一声水汽扑面的“师父”出口,浸得墨玉笙心肝脾胃肾都酥麻了。
他当即没了脾气,浑身的棘刺也被冲得一干二净。他认命似地打开油纸包,捏了一小块方糕塞进元晦嘴里。
“红豆馅的。”
元晦嘴里咀嚼着方糕,手也没闲着,已经摸上了墨玉笙的腰身。
一日不见,如隔三秋。两人分离的这十来天,元晦觉着像是分开了大半辈子。他实在太想墨玉笙了,心里想,身体也想,恨不得将他烙成张饼挂在脖子上,走哪都带着,想起来就咬上一口。

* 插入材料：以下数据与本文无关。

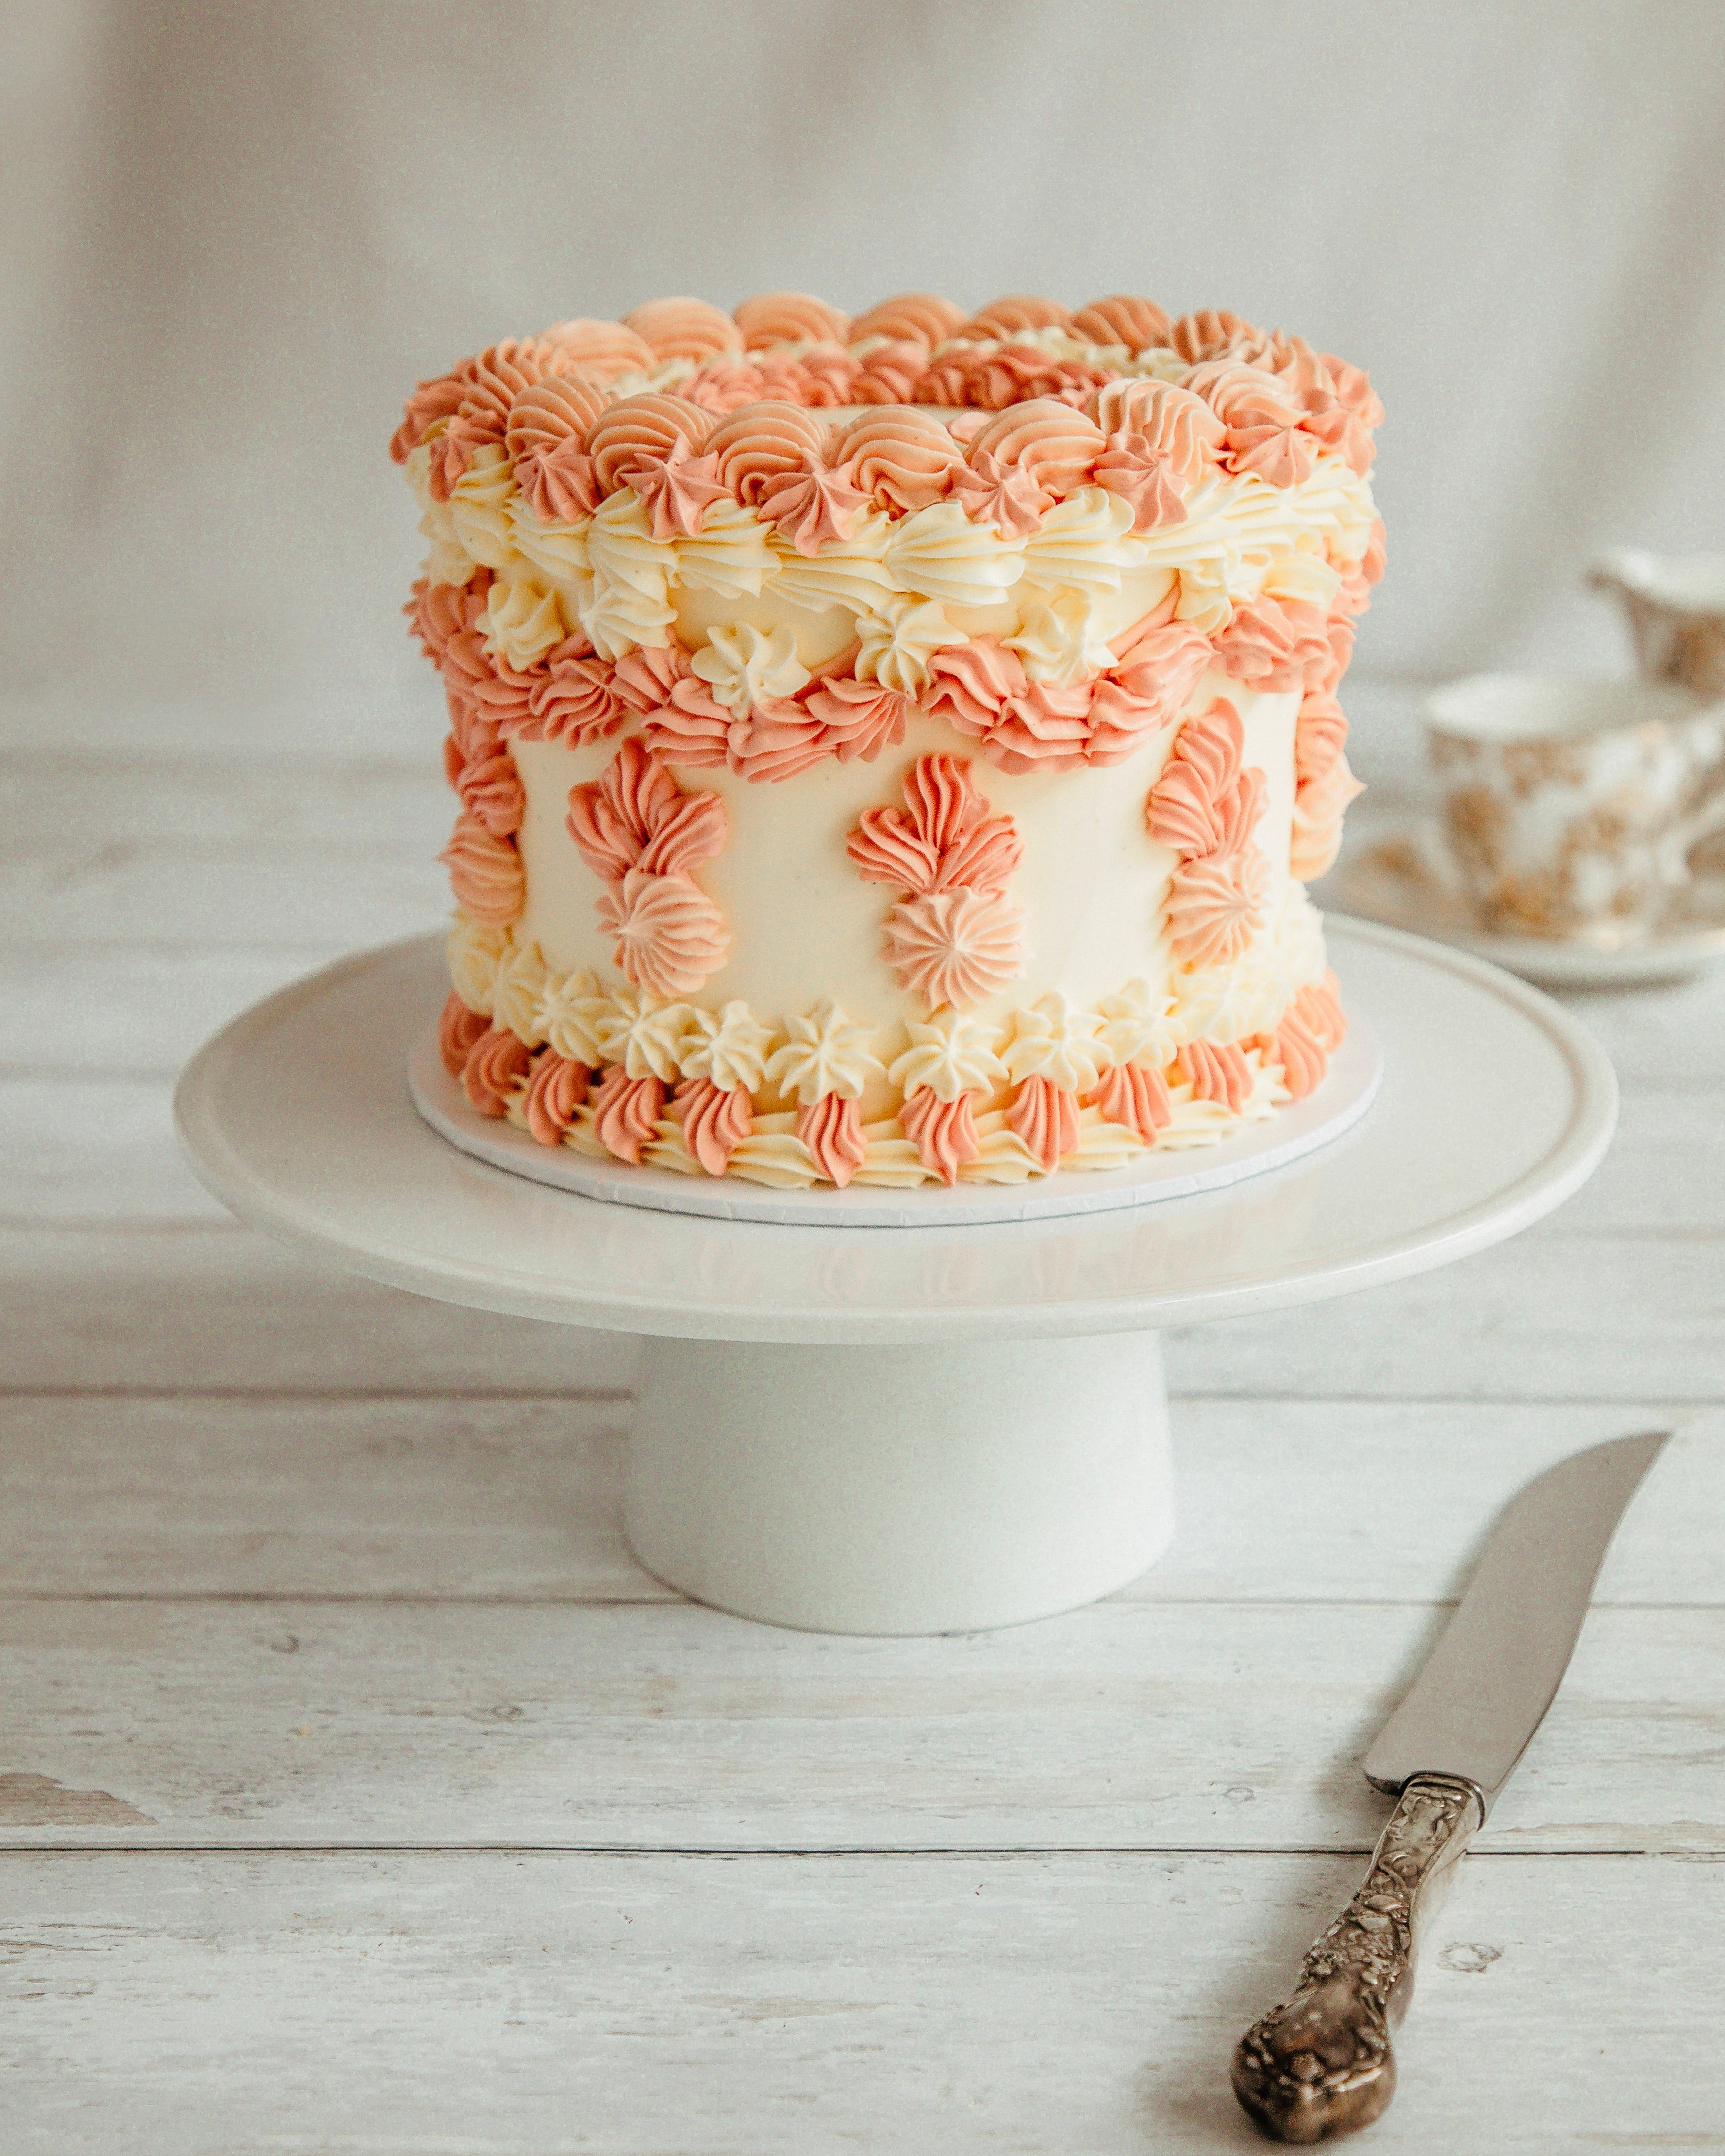 Happy Birthday double layer cake topper

他的手原本在墨玉笙侧腰打转,摸着摸着就溜达到了后腰,有意无意地往肾俞穴附近靠拢……
元晦天资聪慧,这种聪慧体现在方方面面。
练武如此,烧饭如此,那方面……好像也如此。
不过几个来回他已经摸清了门道,手法更是精妙绝伦,既不会过于强势让人觉着被冒犯,又挑豆得恰到好处,不至于玩火自焚。
墨玉笙眼疾手快地抓住他拱火的手,扔向一旁,似笑非笑道:“这会儿手又能动了?”
动当然是能动,就是看对着谁,做什么。
对着外人……自然是能动的,还动得十分麻溜得体。